* RAW DATA:

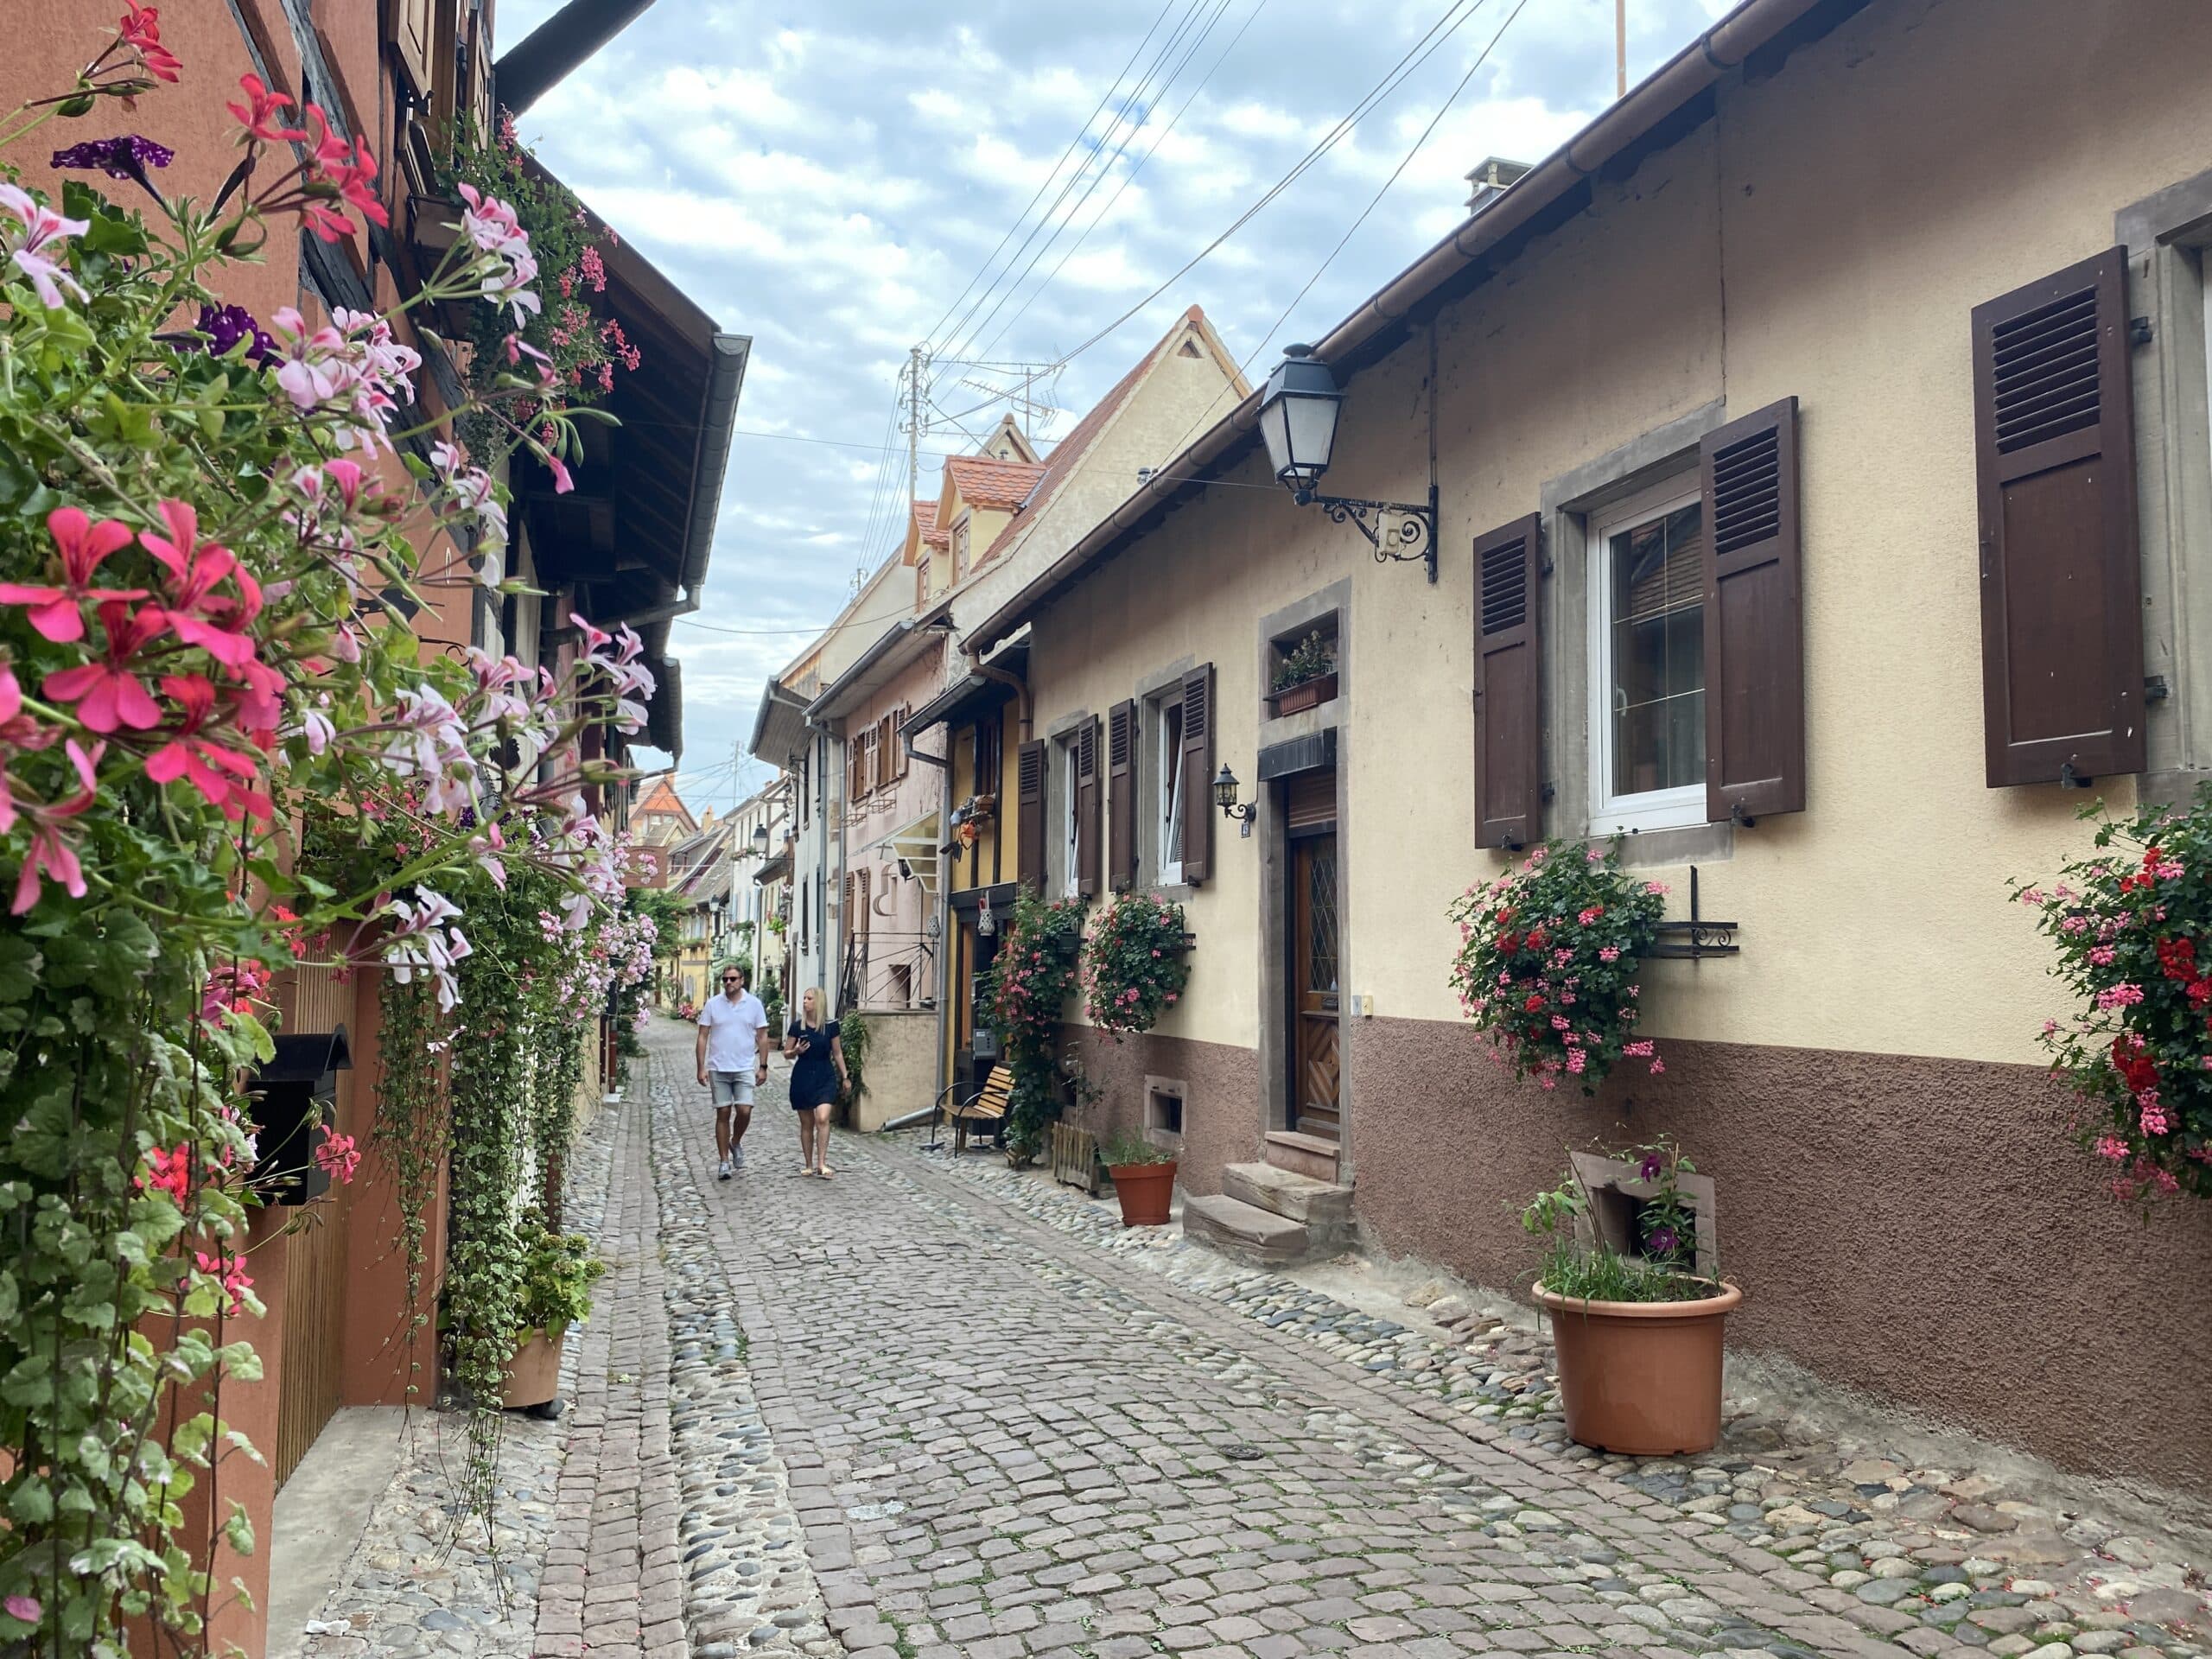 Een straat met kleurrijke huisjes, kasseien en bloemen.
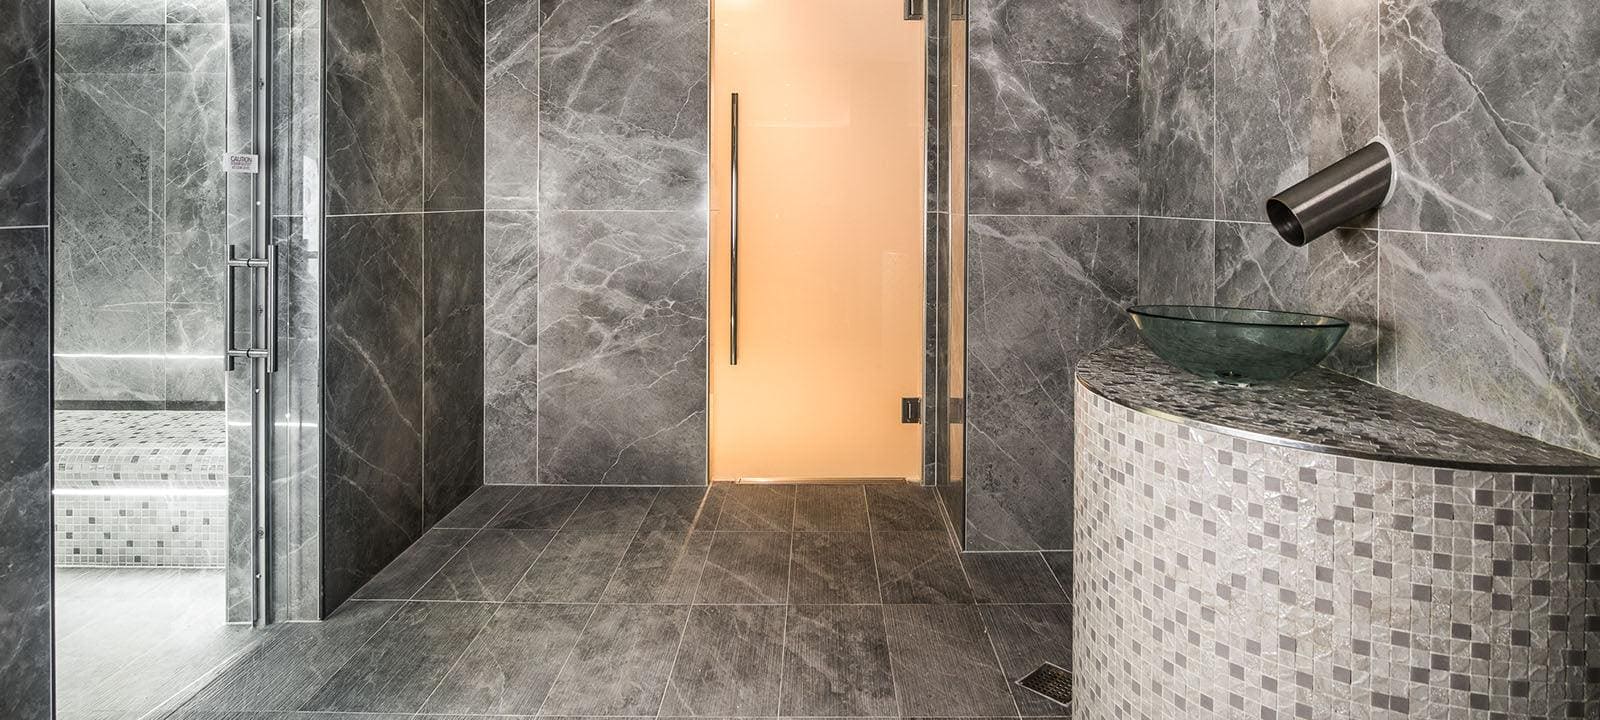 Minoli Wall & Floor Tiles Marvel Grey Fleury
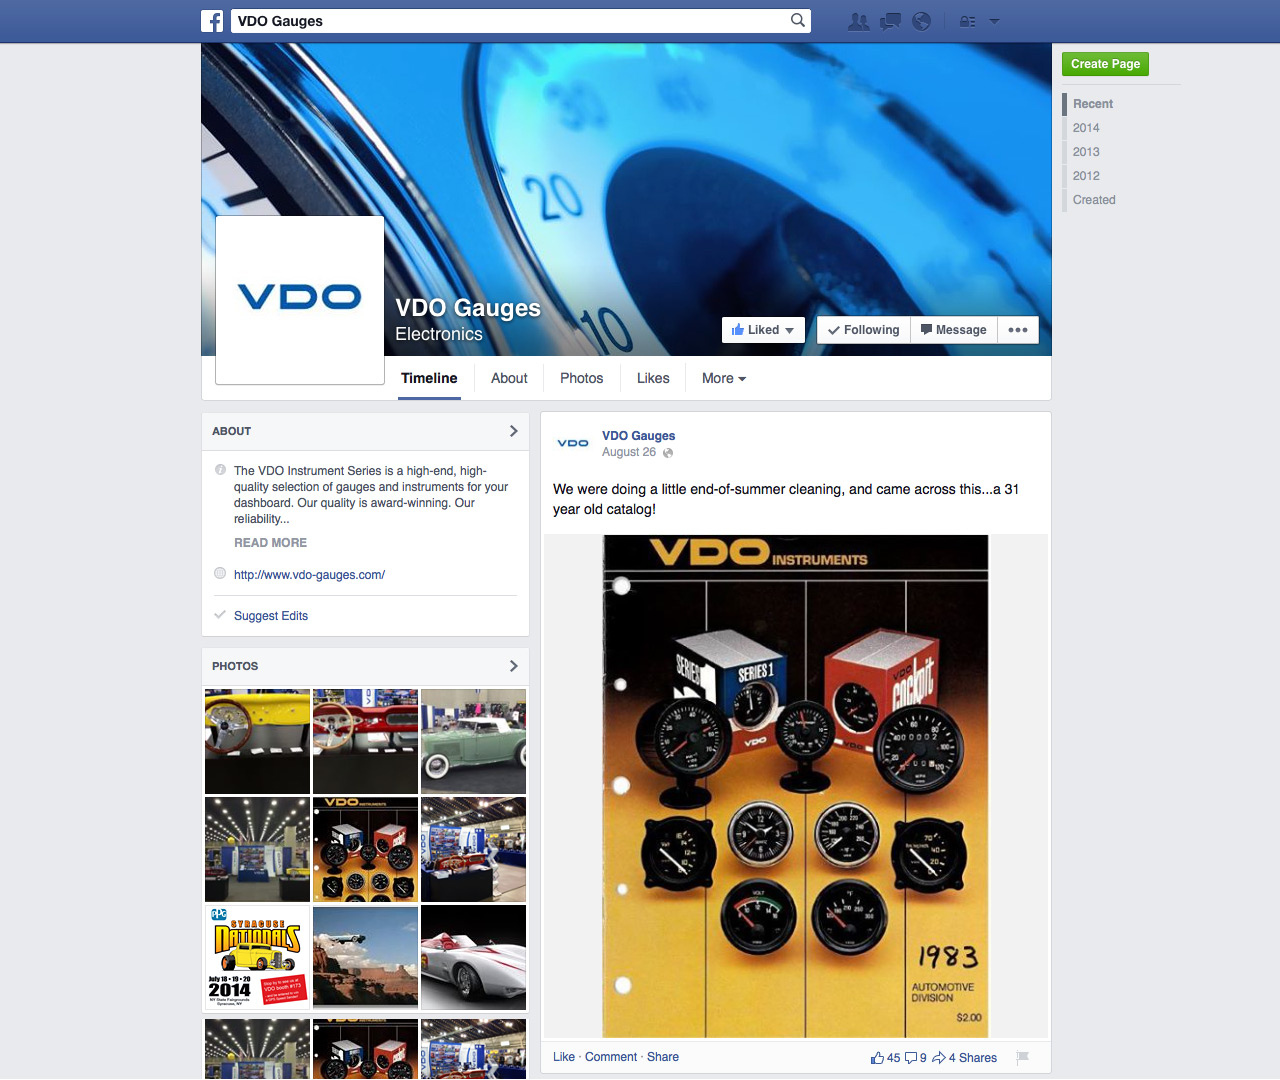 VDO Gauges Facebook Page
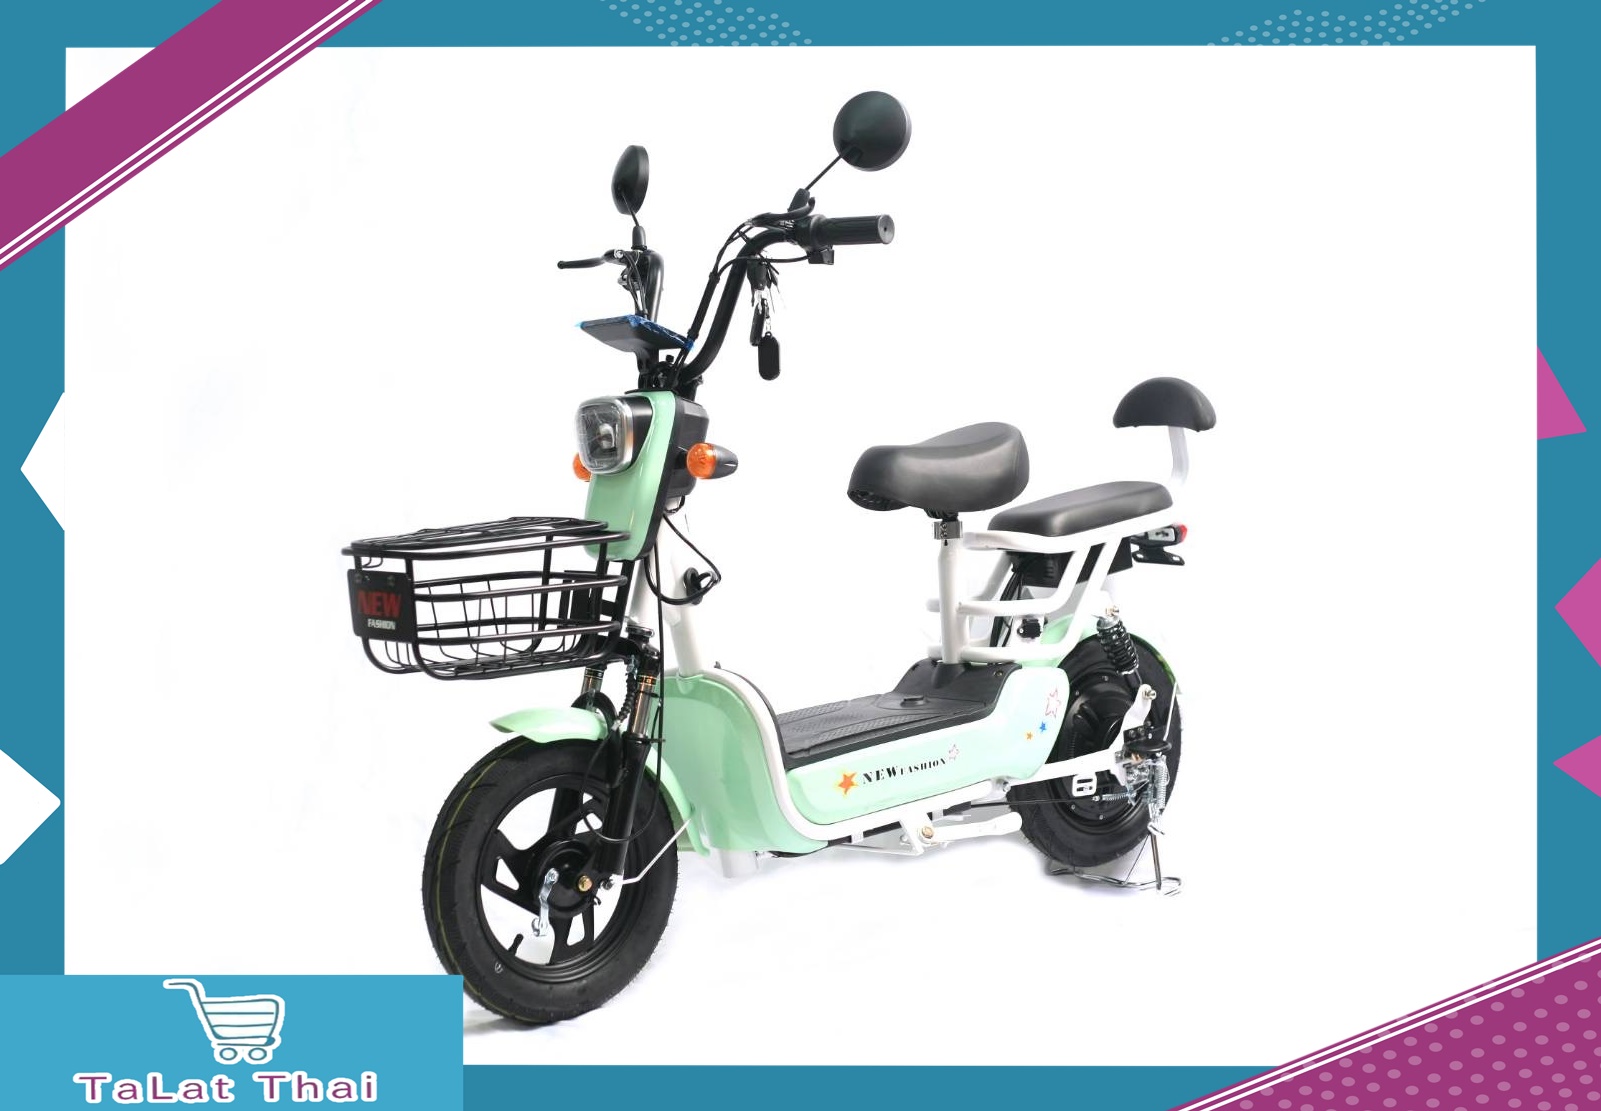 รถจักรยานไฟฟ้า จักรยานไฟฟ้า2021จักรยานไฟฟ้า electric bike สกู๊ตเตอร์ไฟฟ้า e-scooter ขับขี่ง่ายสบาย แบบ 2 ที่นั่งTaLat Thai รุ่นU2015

* ASSIGNED TASK: Your task is to copy exactly the lines from the line containing "Minoli Wall & Floor Tiles Marvel Grey Fleury" through the final line of the listing above and to omit every picture.

* SOLUTION TO THIS EXERCISE:
 Minoli Wall & Floor Tiles Marvel Grey Fleury
 VDO Gauges Facebook Page
 รถจักรยานไฟฟ้า จักรยานไฟฟ้า2021จักรยานไฟฟ้า electric bike สกู๊ตเตอร์ไฟฟ้า e-scooter ขับขี่ง่ายสบาย แบบ 2 ที่นั่งTaLat Thai รุ่นU2015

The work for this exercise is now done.